Claimant appeals the Order Concerning Attorney’s Fees and the Order Denying Motion for Reconsideration of Order Concerning Attorney’s Fees (2011-LHC-0173) of Administrative Law Judge Russell D. Pulver rendered on a claim filed pursuant to the provisions of the Longshore and Harbor Workers’ Compensation Act, as amended, 33 U.S.C. §901 et seq. (the Act). The amount of an attorney’s fee award is discretionary and may be set aside only if the challenging party shows it to be arbitrary, capricious, an abuse of discretion, or not in accordance with law. See Muscella v. Sun Shipbuilding & Dry Dock Co., 12 BRBS 272 (1980).
Following the administrative law judge’s approval of the parties’ stipulations regarding claimant’s entitlement to benefits under the Act, claimant’s counsel filed a fee petition with the administrative law judge for work performed before the Office of Administrative Law Judges between April 2008 and March 2012. Specifically, counsel sought a fee of $77,041.37, representing 61.5 hours of attorney services by Eric Dupree at an hourly rate of $500, 99.1 hours of attorney services by Paul Myers at an hourly rate of $300, and 51.8 hours of paralegal services at an hourly rate of $150, plus costs of $8,791.37. Employer filed objections to the fee petition.
In his order awarding an attorney’s fee, the administrative law judge reduced the hourly rates to $388 for Mr. Dupree and to $225 for Mr. Myers, approved an hourly rate of $150 for paralegal services, and approved the number of hours requested by claimant’s counsel. Therefore, the administrative law judge awarded claimant’s counsel a fee totaling $62,720.87. The administrative law judge summarily denied claimant’s motion for reconsideration.
On appeal, claimant challenges the hourly rates allowed for his attorney’s services. Employer responds, urging affirmance. Claimant has filed a reply brief.

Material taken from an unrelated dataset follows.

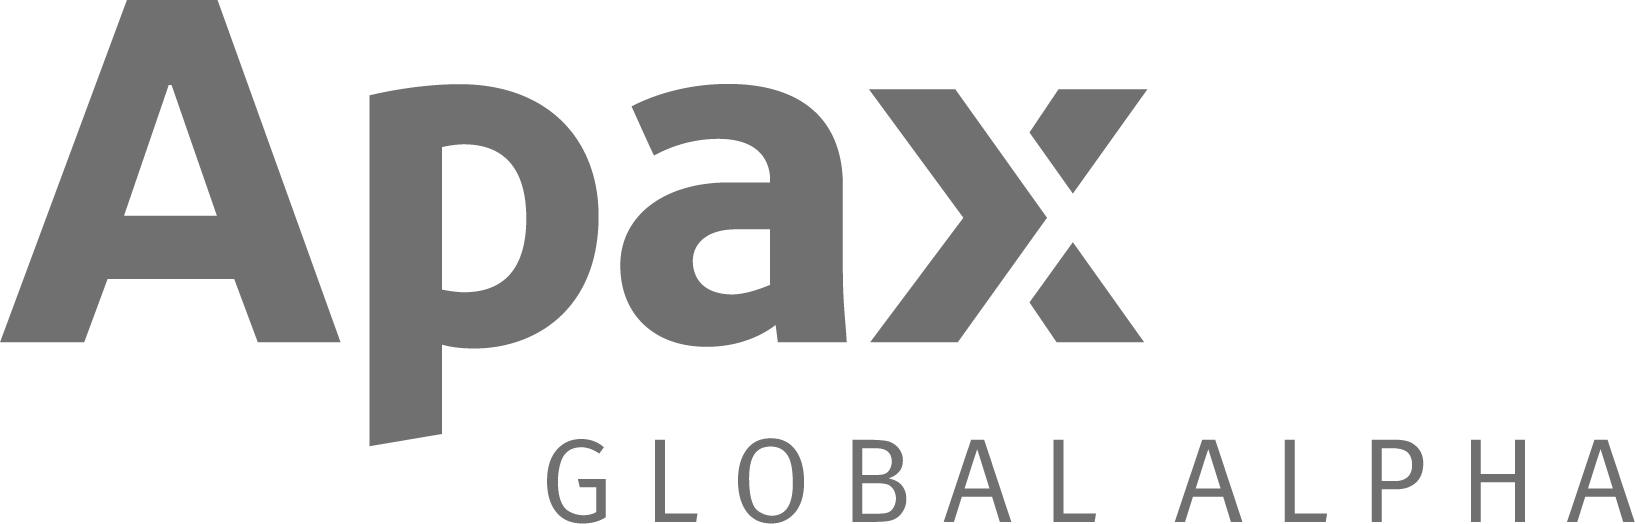 APAX GLOBAL ALPHA LIMITED Logo

The United States Supreme Court has held that an attorney’s reasonable hourly rate is “to be calculated according to the prevailing market rates in the relevant community.” Blum v. Stenson, 465 U.S. 886, 895 (1984); see also Perdue v. Kenny A., 559 U.S. 542, 551 (2010). The United States Court of Appeals for the Ninth Circuit, within whose jurisdiction this case arises, has held that a “reasonable” hourly rate must reflect the rate: (1) that prevails in the “community” (2) for “similar” services (3) by an attorney of “reasonably comparable skill, experience, and reputation.” Christensen v. Stevedoring Services of America, Inc., 557 F.3d 1049, 1055, 43 BRBS 6, 8-9(CRT) (9th Cir. 2009); Van Skike v. Director, OWCP, 557 F.3d 1041, 43 BRBS 11(CRT) (9th Cir. 2009); see also Christensen v. Stevedoring Services of America, 43 BRBS 145, 146 (2009), modified in part on recon., 44 BRBS 39, recon. denied, 44 BRBS 75 (2010), aff’d mem. sub nom. Stevedoring Services of America, Inc. v. Director, OWCP, 445 F.App’x 912 (9th Cir. 2011).
In challenging the reduction in the attorney hourly rates, claimant avers that the administrative law judge erred in failing to presume that the requested rates represent reasonable hourly rates as counsel produced supporting evidence, and employer did not submit rebuttal evidence. See Camacho v. Bridgeport Financial, Inc., 523 F.3d 973 (9th Cir. 2008) (“[a]ffidavits of the plaintiffs’ attorney[s] and other attorneys regarding prevailing fees in the community, and rate determinations in other cases . . . are satisfactory evidence of the prevailing market rate.”). We reject claimant’s contention. “‘The burden is on the fee applicant to produce satisfactory evidence . . . that the requested rates are in line with those prevailing in the community for similar services by lawyers of comparable skill, experience, and reputation.’” Christensen, 557 F.3d at 1053, 43 BRBS at 8(CRT) (quoting Blum v. Stenson, 465 U.S. 886, 896 n.11 (1984)). In this case, claimant submitted exhibits in support of his requested hourly rates and employer objected to that evidence and submitted contrary evidence. The administrative law judge therefore was not bound to accept counsel’s claim to hourly rates of $500 and $300. 1
Claimant also contends that the administrative law judge erred in failing to find persuasive the “Dupree Matrix” and his evidence of higher rates awarded to his attorneys by other tribunals. 2 We need not address these contentions at length. The administrative law judge thoroughly addressed each party’s evidence, see Order at 5-8, and his award of hourly rates of $388 and $225 is supported by evidence submitted by the parties. The administrative law judge found that the best evidence of base market rates in San Diego is the rates claimed by Mr. Easley and Mr. Winter, two attorneys with significant longshore experience. These attorneys claimed between $350 and $365 per hour for services performed in San Diego during the period of 2008 to 2011. Order at 7. Taking these rates into account, as well as Mr. Dupree’s considerable experience, skill and reputation, and the nature of this case, the administrative law judge found that Mr. Dupree is entitled to an hourly rate of $388. Id. at 7. The administrative law judge found that Mr. Myers, based in part upon a comparison of his lesser experience relative to that of Messrs. Easley and Winter, is entitled to an hourly rate of $225. Id. at 7-8.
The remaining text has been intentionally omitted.